SB: Subscribed Block

PE: Premise’s electricity uses which is divided to PE_off and PE_on, distinguishing off-peak and on-peak use.

PB: Premise’s bill

R_on: on-peak rate, R_off: off-peak rate

Defining cost-benefit parameters and equations

The calculator considers the following parameters:

i. PV Size: Represents the size of the photovoltaic system in kW.

ii. System Efficiency: Indicates the efficiency of the system, given as a percentage.

iii. Average Daily Use (Excluding Summer Season): Specifies the average daily energy consumption in kWh.

iv. Current Rate (TOU: Assuming TOU rate is more customized already for customers who are mindful in using energy): There are three rates: Off season (0.08 per kWh), off peak on season (0.09 per kWh), on peak on season (0.34 per kWh).

Cost-Benefit Equations:

The calculator utilizes specific equations to determine cost and revenue:

• Cost: Calculated as 12 times the monthly fee multiplied by the battery size.

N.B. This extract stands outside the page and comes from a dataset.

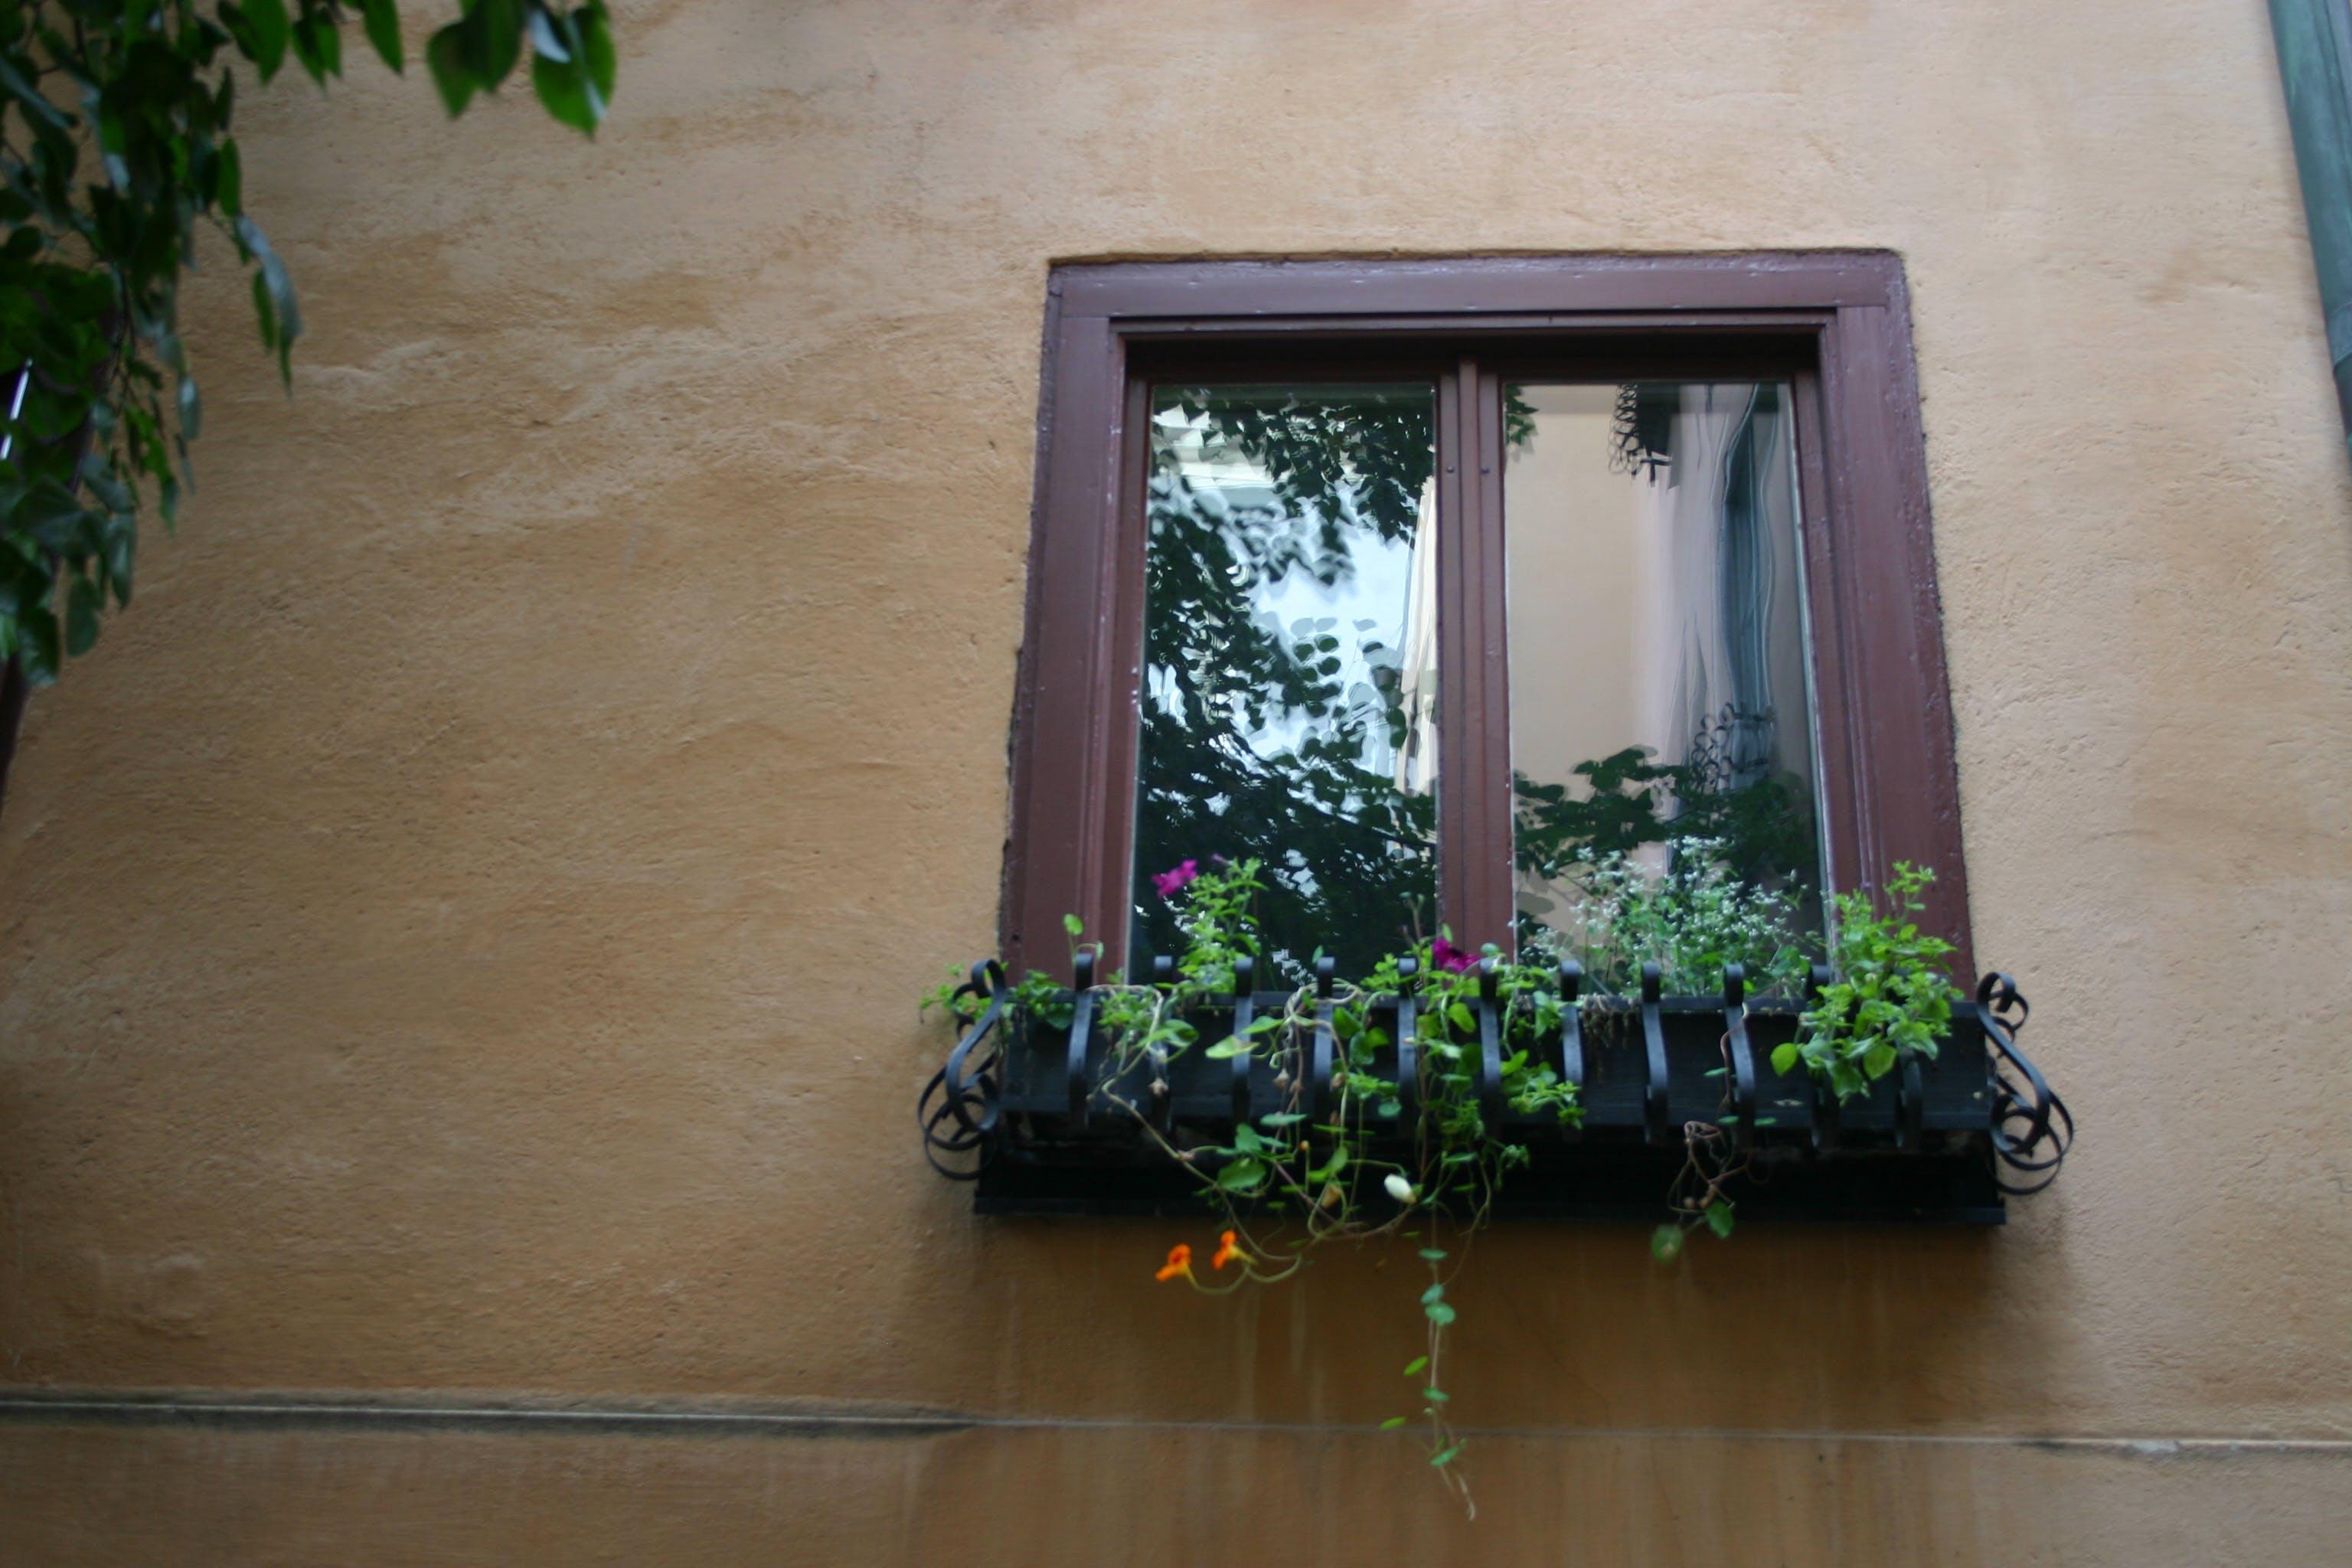 Brown Wooden 2-panel Window Beside Green Leaf Plants
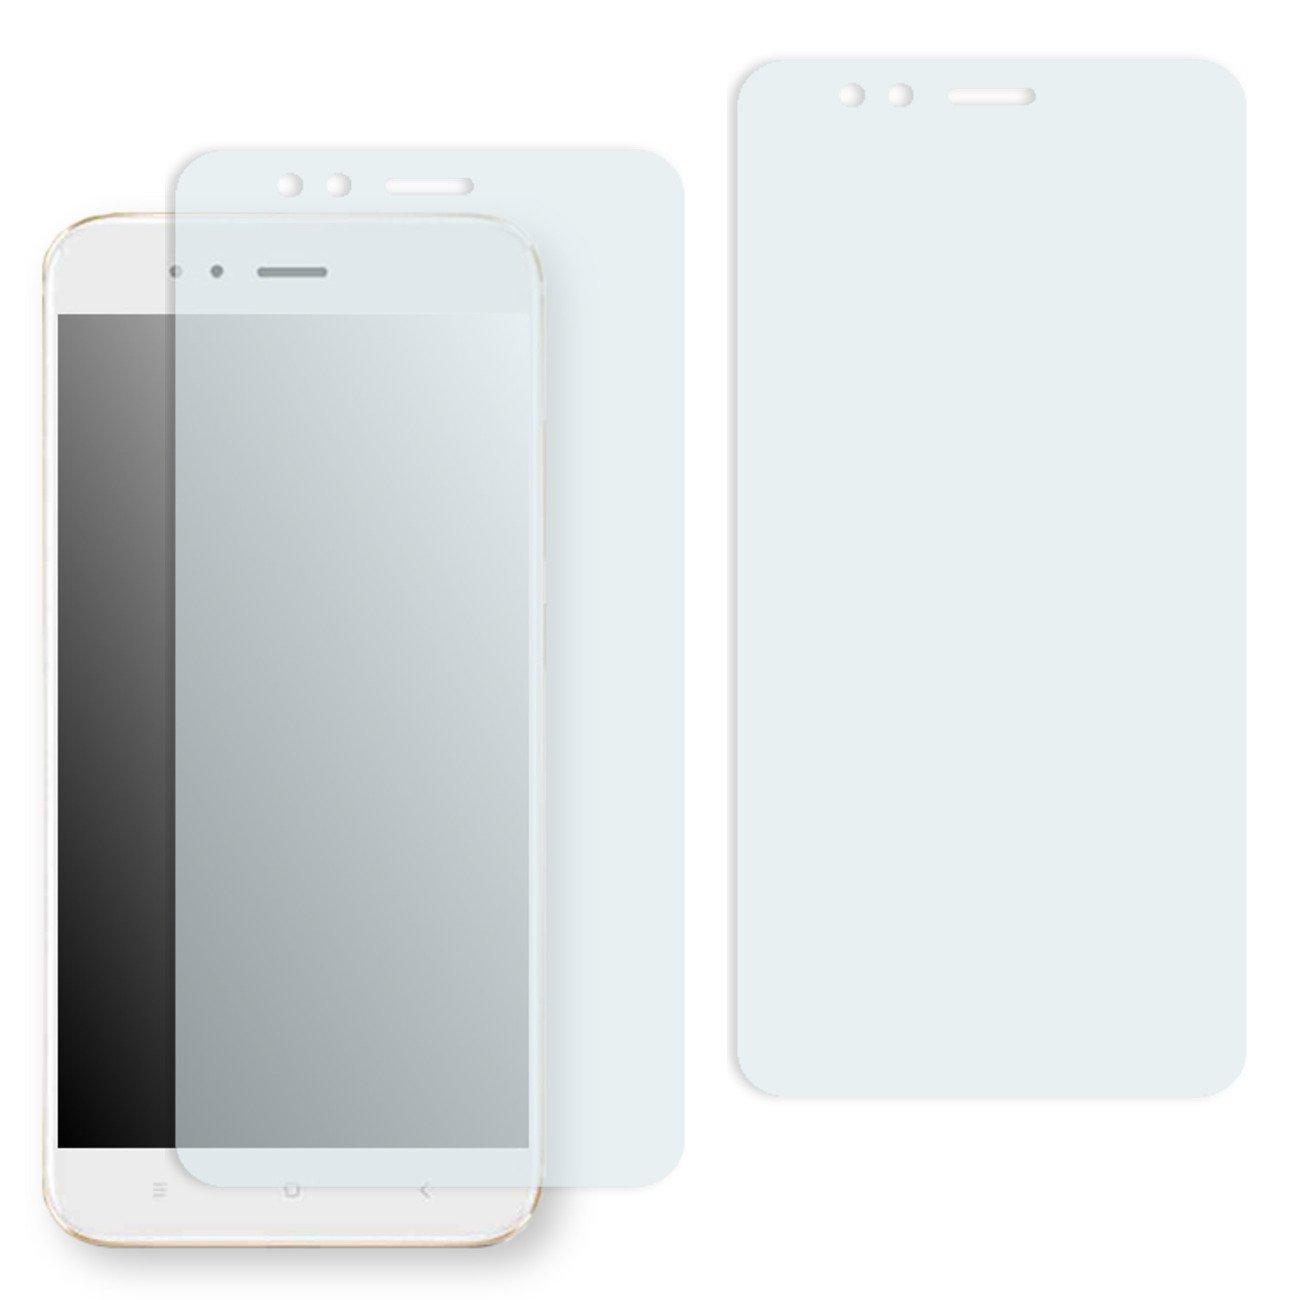 2x Golebo Semi-Matt Displayfolie Displayschutz Schutz Folie für Xiaomi Mi Band 2

• There are six potential benefits identified to the energy storage:

• Avoided Costs: Charge when the price is low (off peak) and discharge when the price is high (on peak).

• On peak season (June-September): 122*(on peak price – off peak price) *battery size

Given:

Summer On-Peak Price: $0.34609/kWh

Summer Off-Peak Price: $0.05156/kWh

Battery Size: 1 kWh

Avoided Costs calculation:

Avoided Costs=122 × (0.34609−0.05156)×1

Avoided Costs=122×0.29453

Avoided Costs=$35.95

• The BESS round-trip efficiency is assumed to be 90% in this calculator, which can alternate depending on any the battery efficiency.

• Avoided cost proportional with BES capacity up to a certain point (which depends on the PV system size and load demand). After that point, the avoided cost for each additional kWh will drop.

The round-trip efficiency adjustment has been implemented by multiplying the relevant calculations by 0.9 in the code. This adjustment acknowledges a more realistic efficiency assumption for the Battery Energy Storage (BESS). The adjusted avoided cost calculation now considers a proportional relationship up to a specified point. Beyond this point, a reduction factor is introduced to simulate the diminishing returns associated with increased BESS capacity. This adjustment aligns with the observation that avoided costs may vary with BESS capacity up to a certain limit.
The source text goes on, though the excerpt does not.